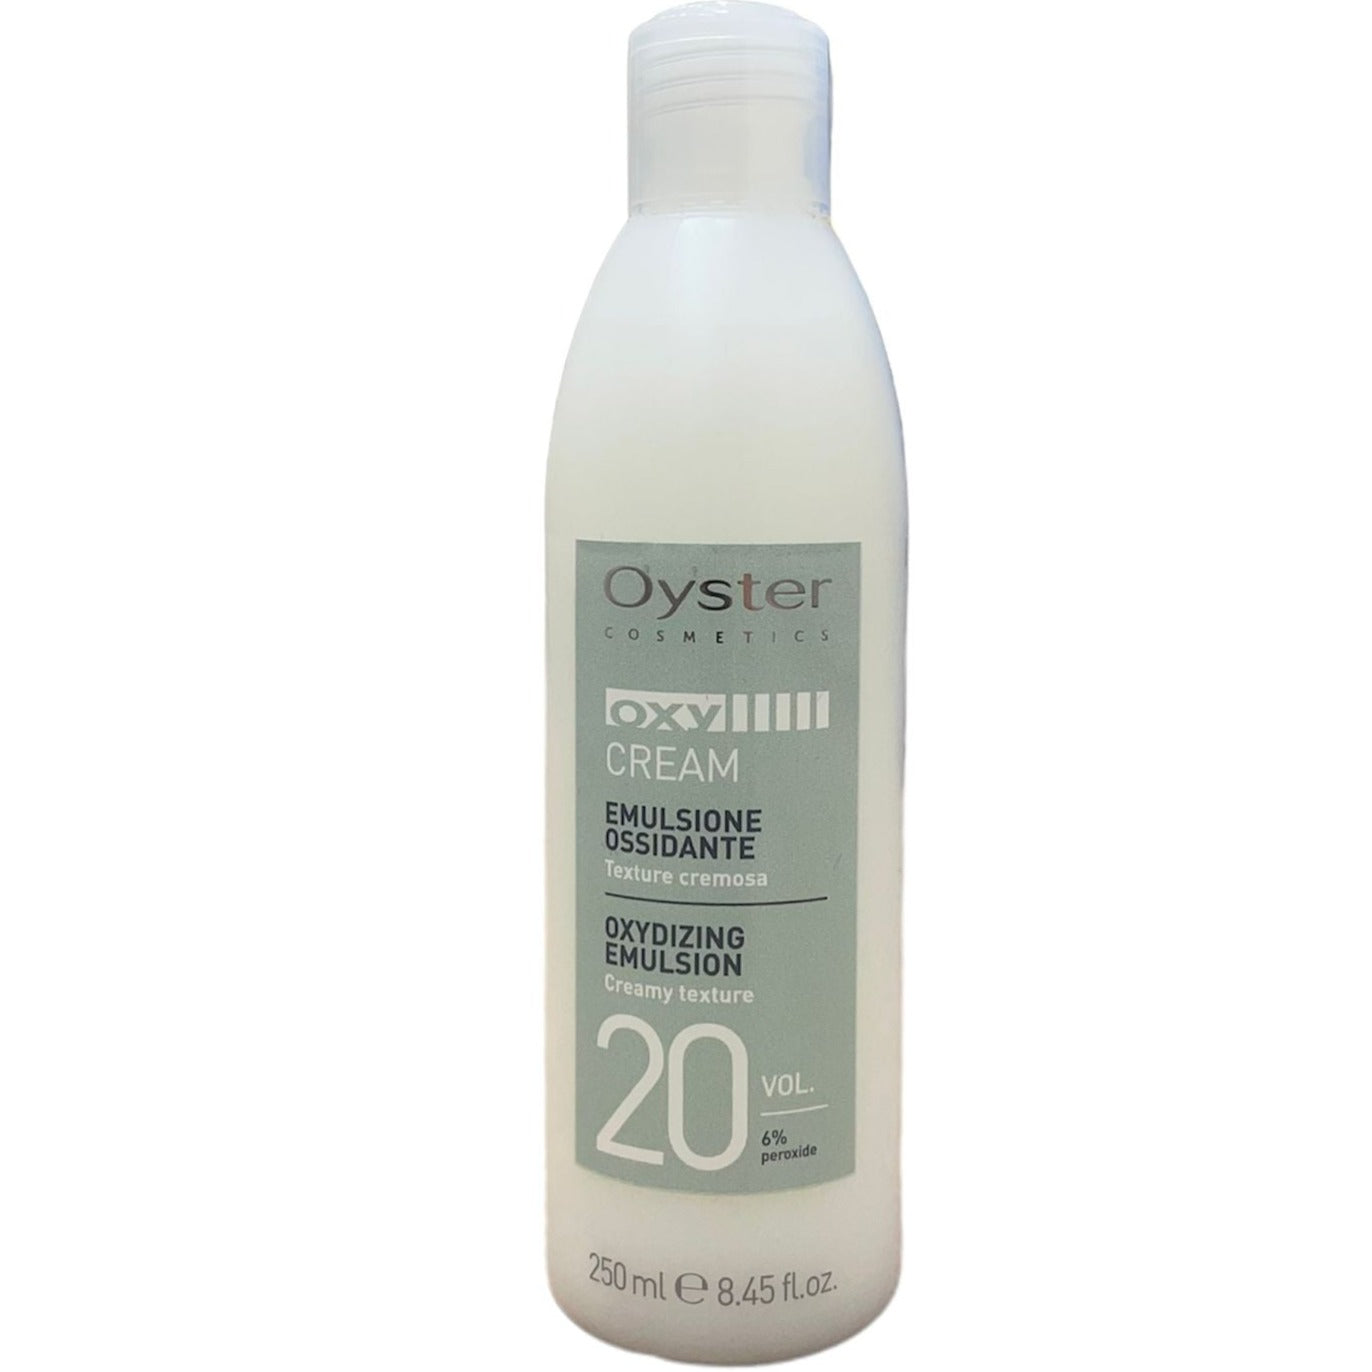 Oxidizing Emulsion 20 Vol. (6%) Oxy Cream Oyster
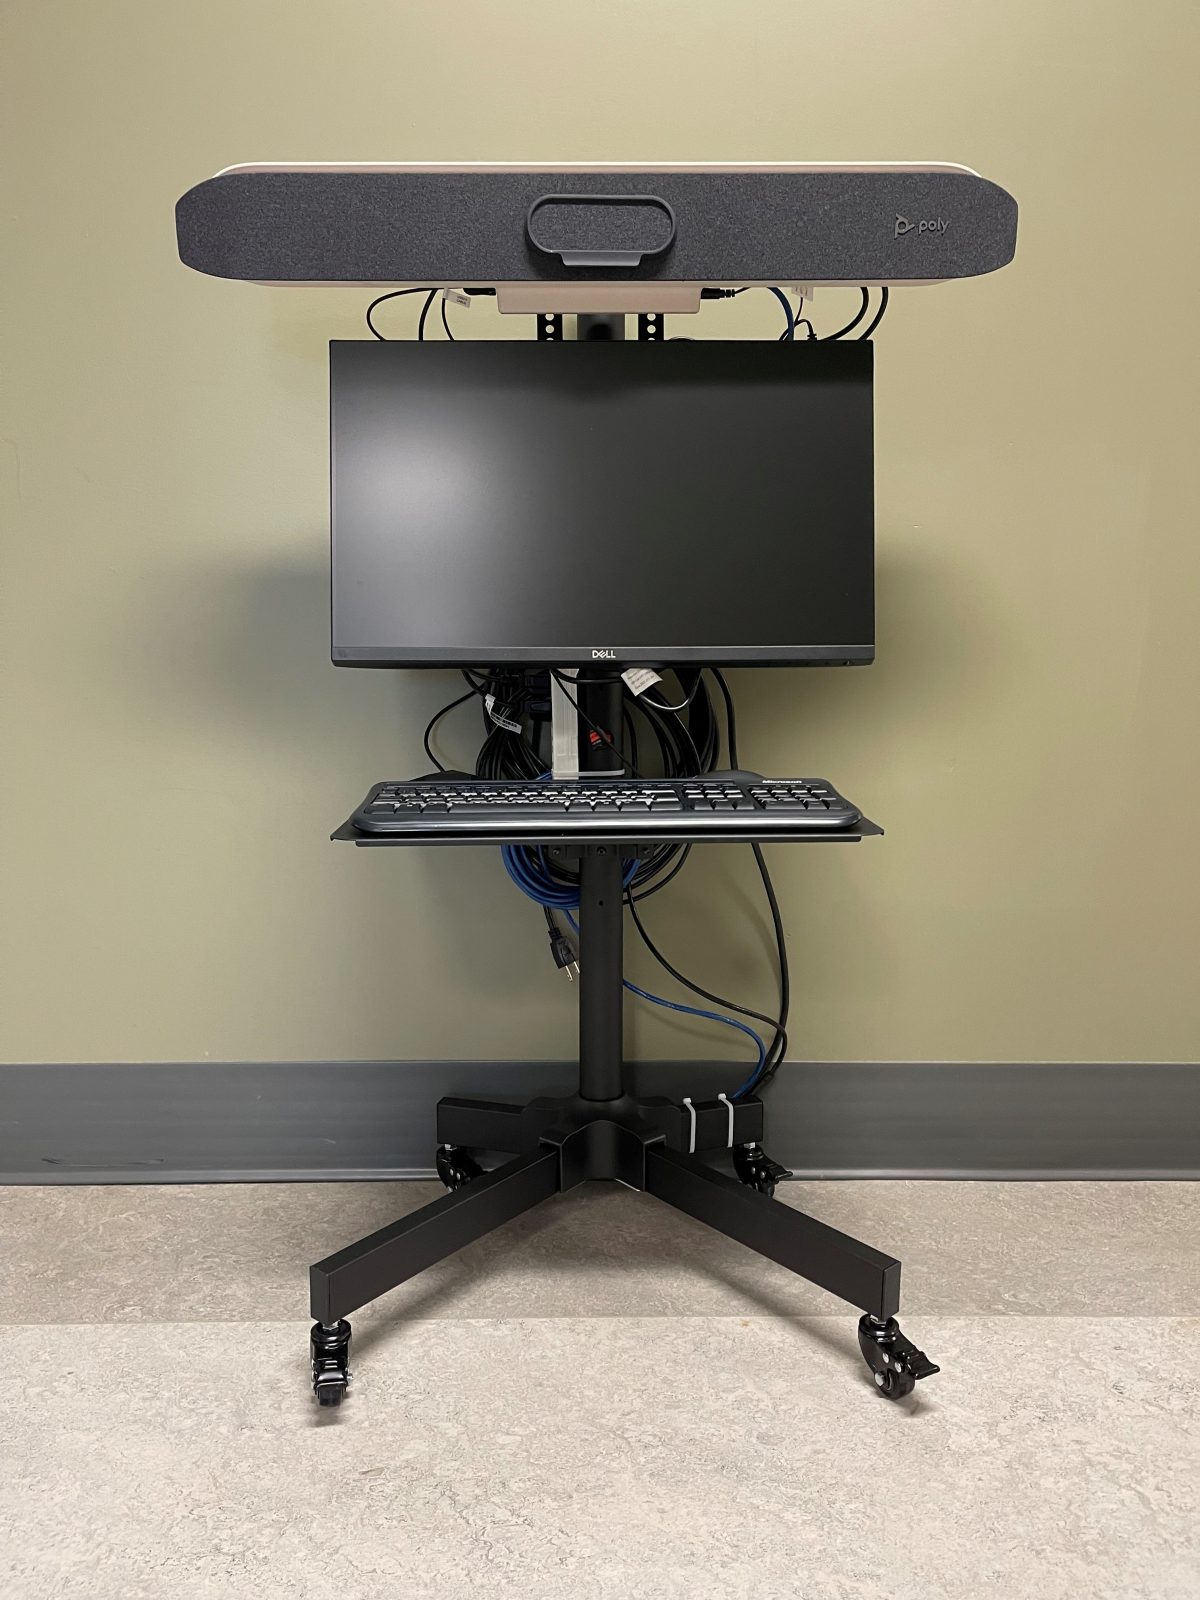 Des systèmes de vidéoconférence sont distribués dans les écoles
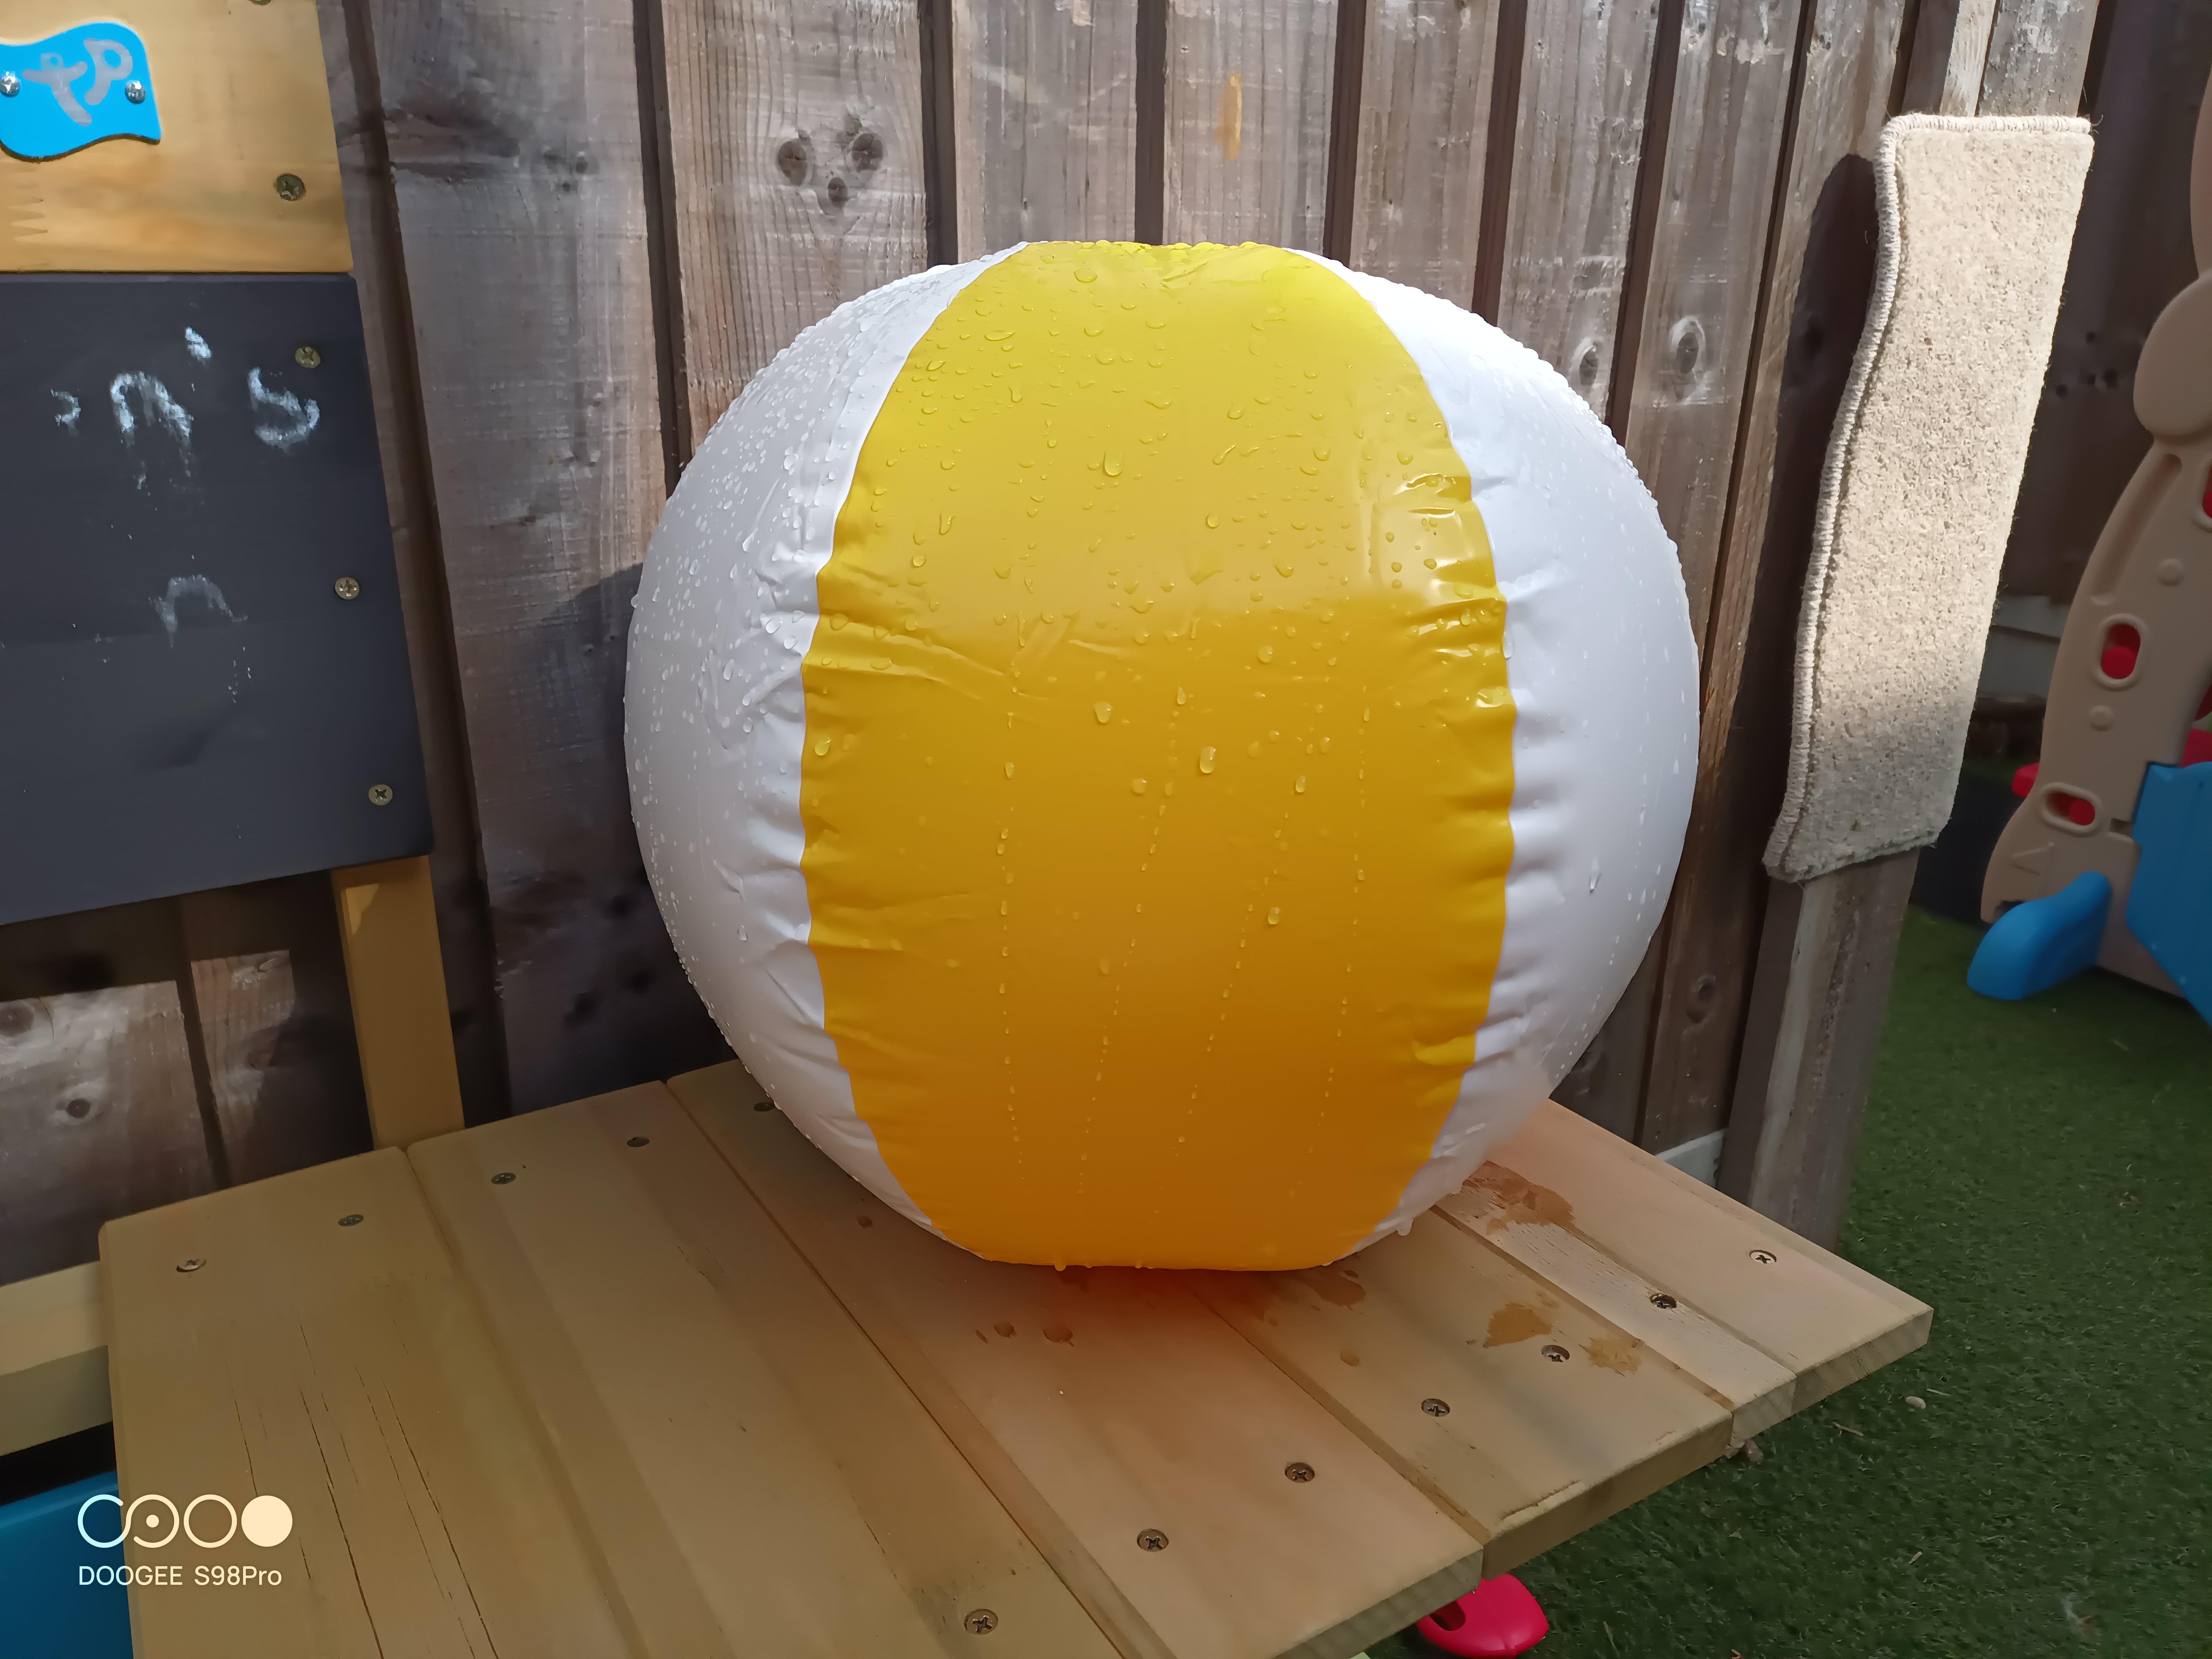 Doogee S98 Pro камера пляжный мяч на открытом воздухе
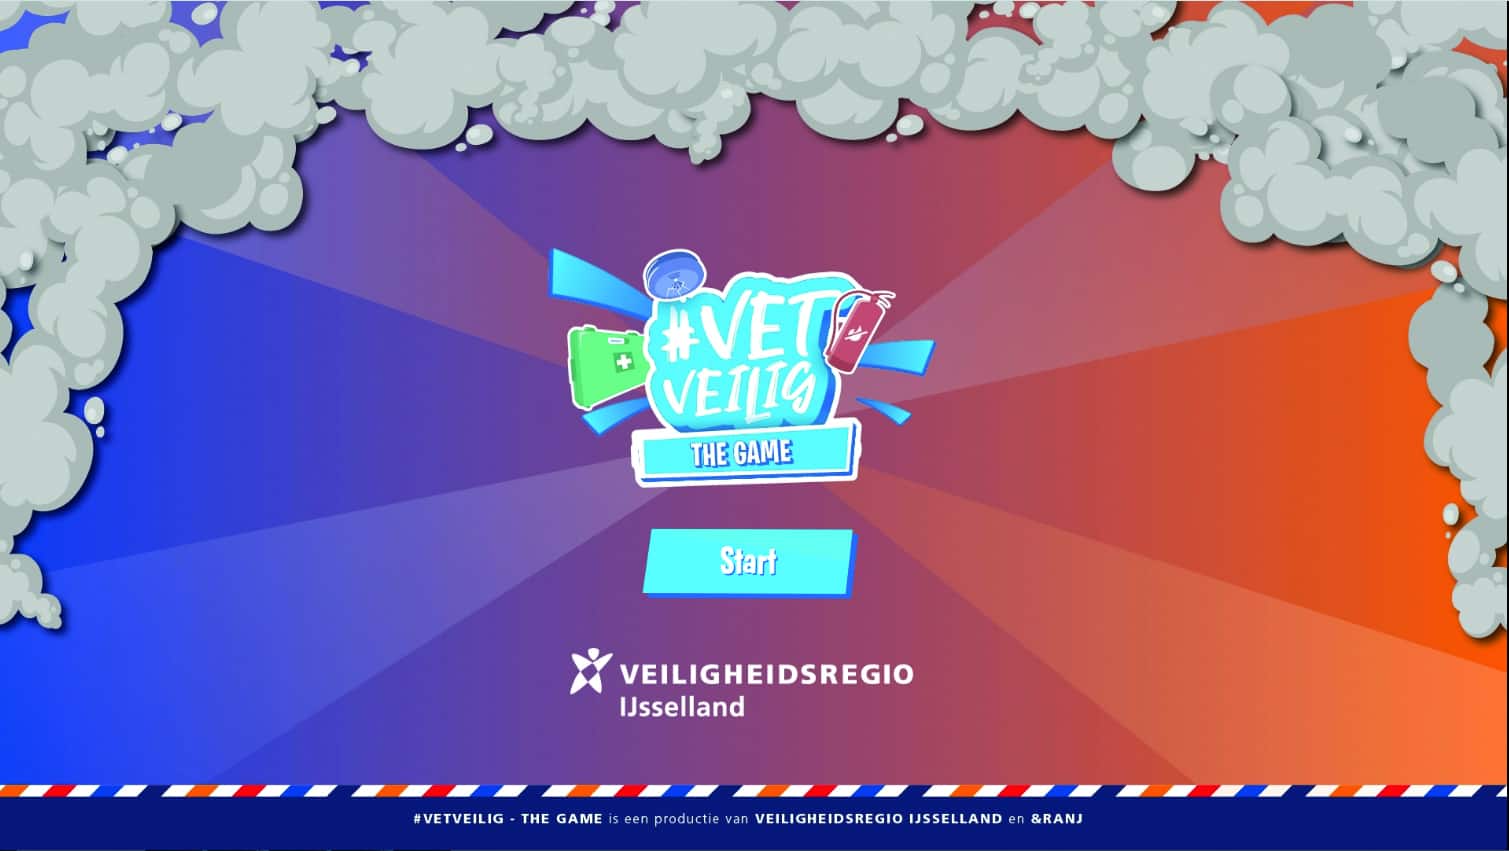 #VetVeilig the game

## WHAT YOU ARE ASKED TO DO
Please repeat, exactly as written, only the lines from the line with "Des systèmes de" to the end of the data, leaving out every picture.

## RESULT FOR THIS TASK
 Des systèmes de vidéoconférence sont distribués dans les écoles
 Doogee S98 Pro камера пляжный мяч на открытом воздухе
 #VetVeilig the game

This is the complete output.